# [What is expected]
Repeat exactly the stretch of lines that starts with the one containing "Floor plan for" and ends with the last line of the material. Leave out pictures.

───── Data extract ─────

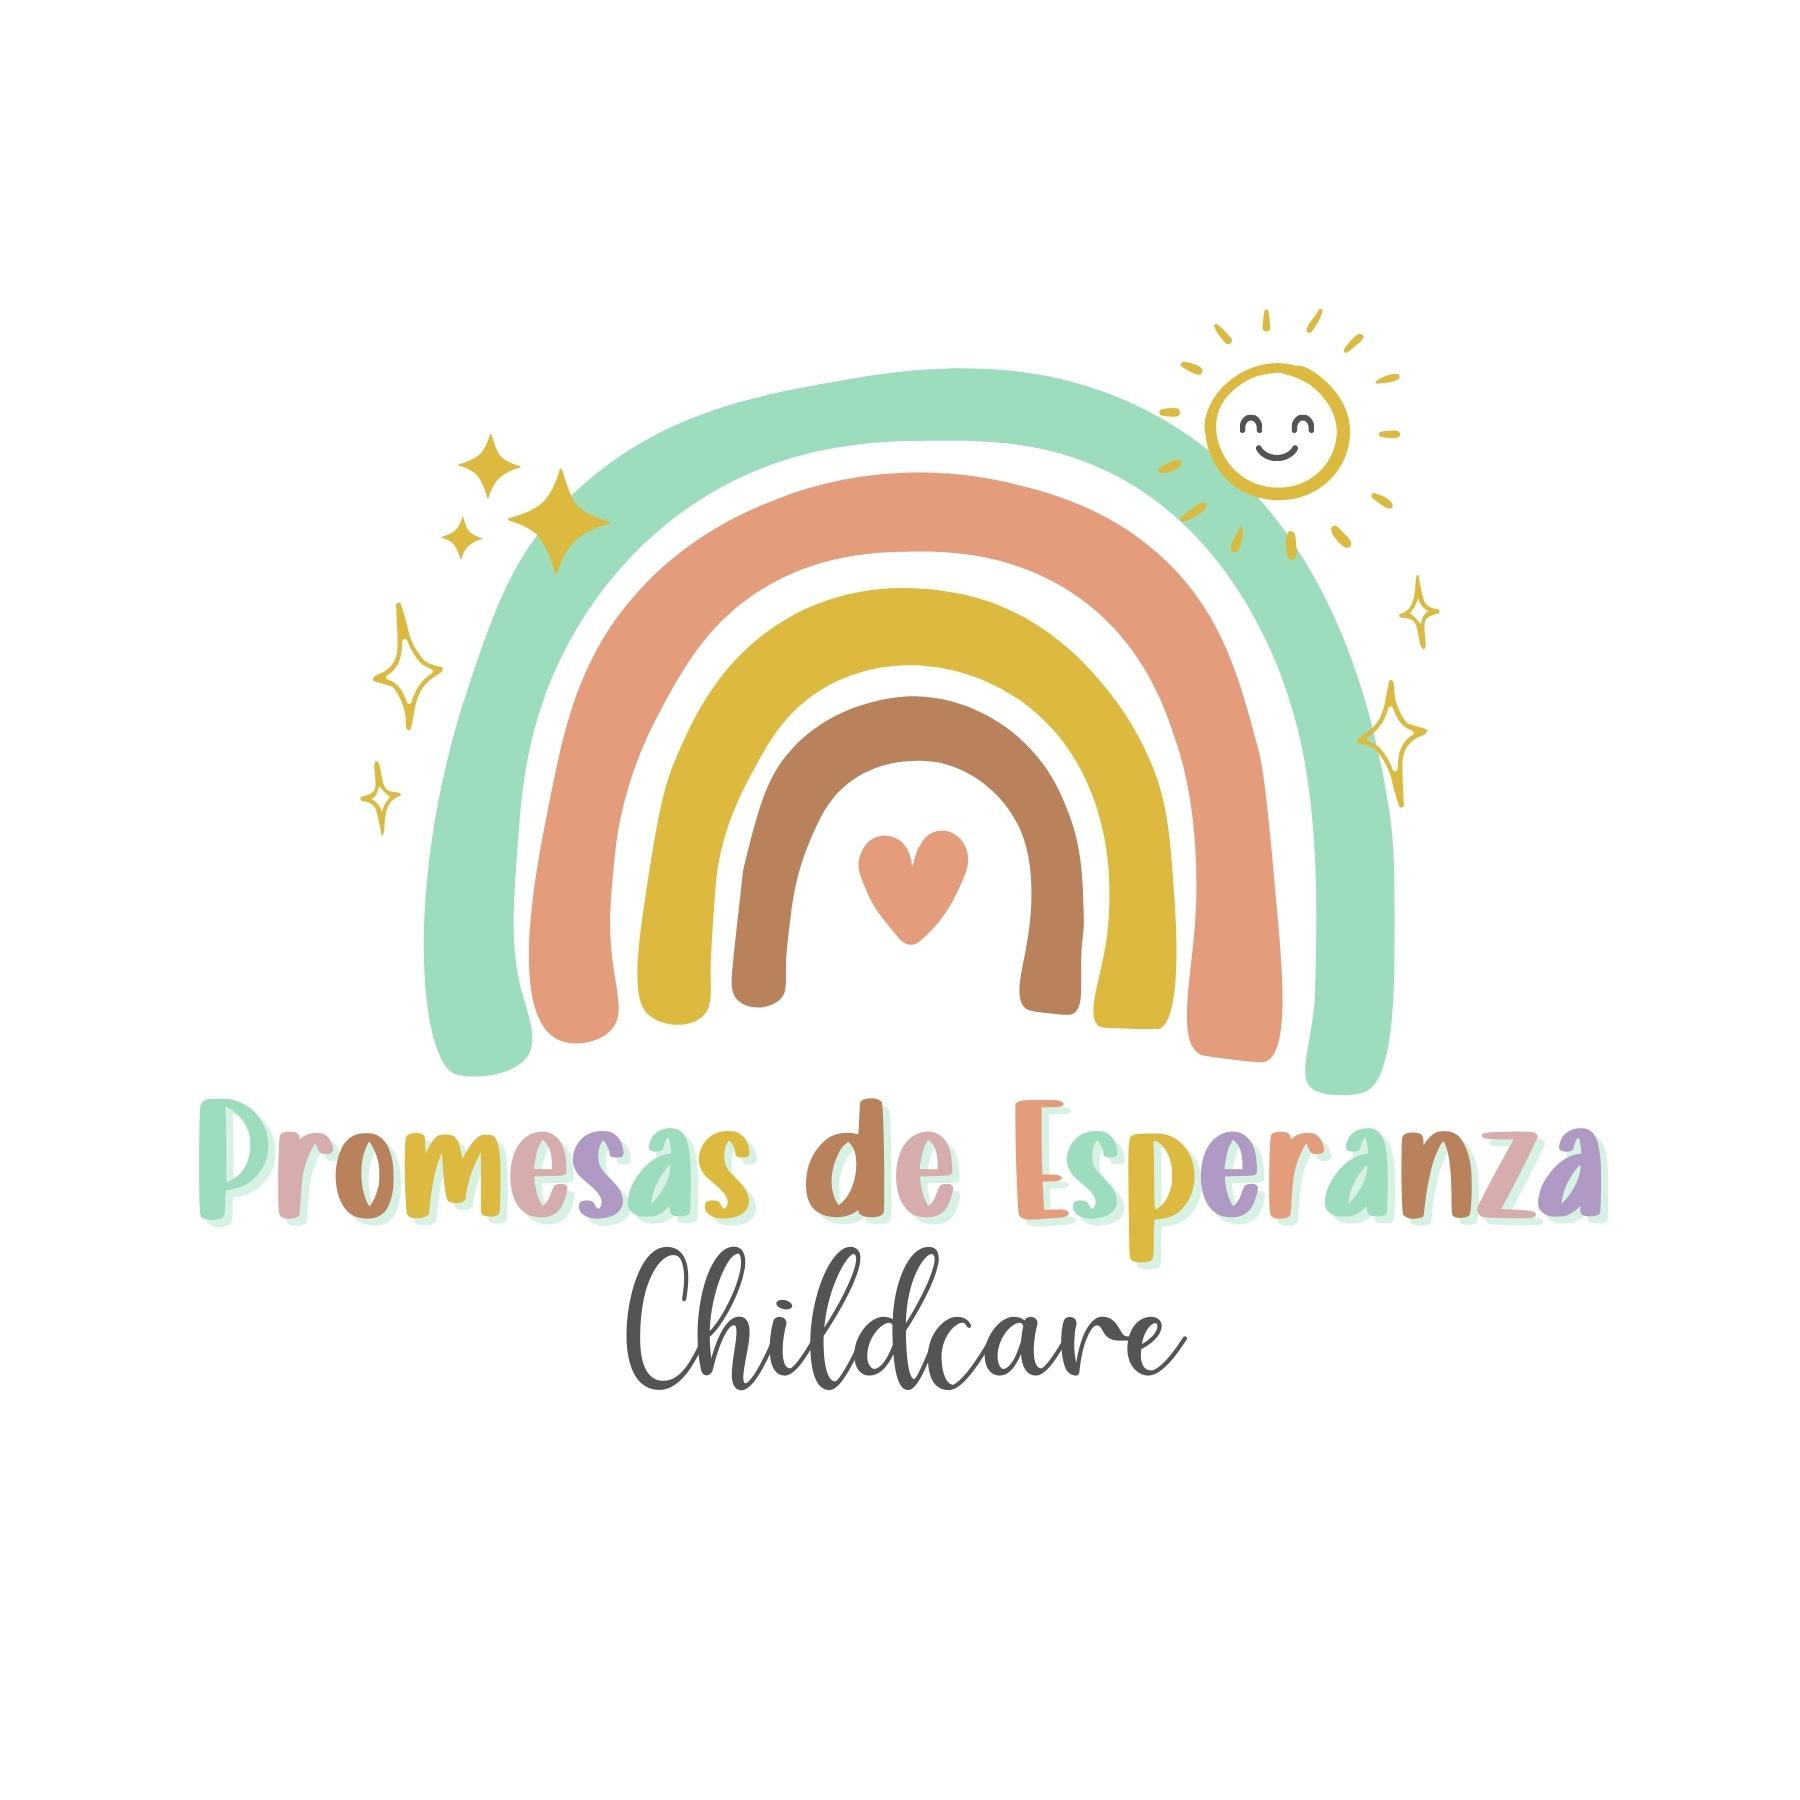 Promesas de Esperanza Childcare
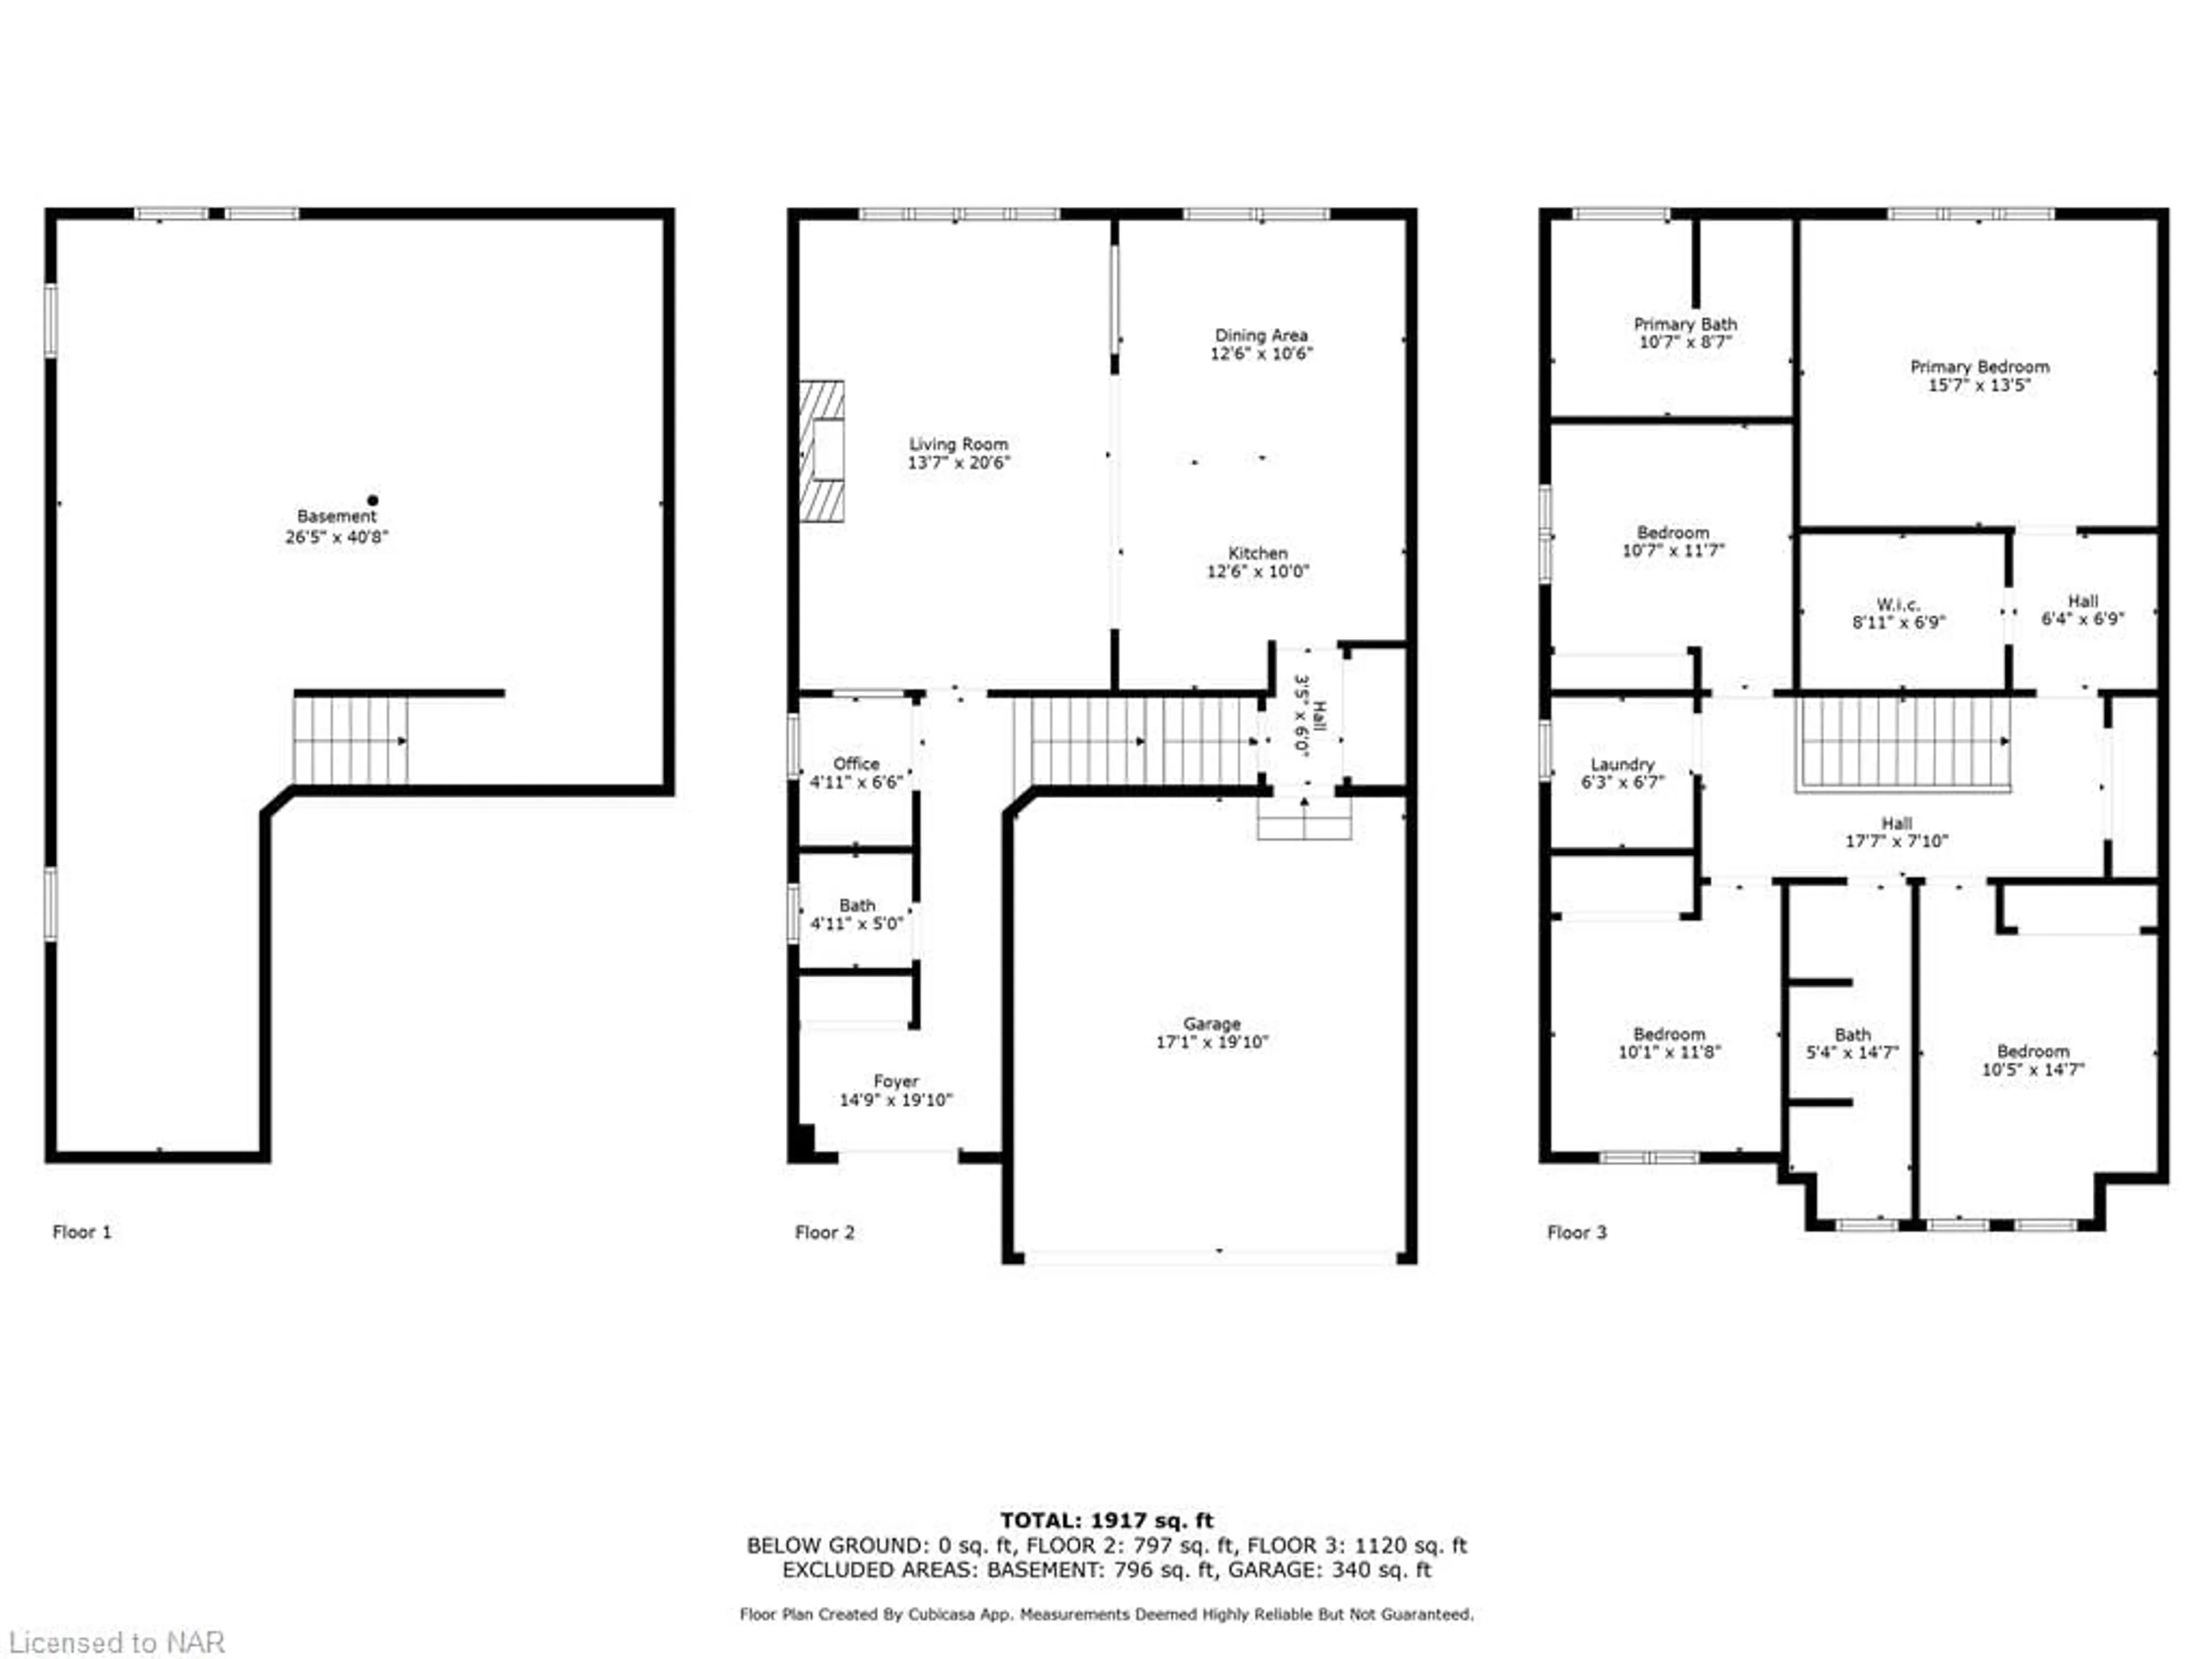 Floor plan for 8663 Pawpaw Lane Lane, Niagara Falls Ontario L2H 3S5
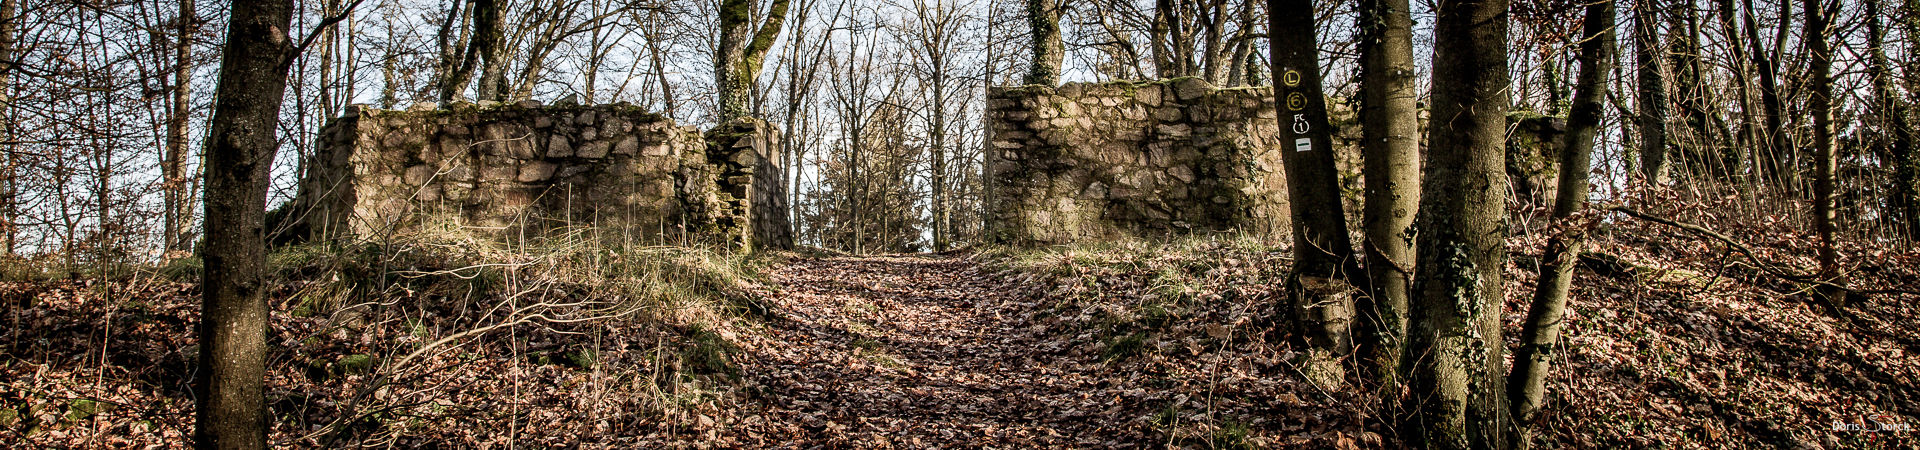 Ruinen der Burg Schnellerts im Odenwald

─────

# [Finished task]
 Floor plan for 8663 Pawpaw Lane Lane, Niagara Falls Ontario L2H 3S5
 Ruinen der Burg Schnellerts im Odenwald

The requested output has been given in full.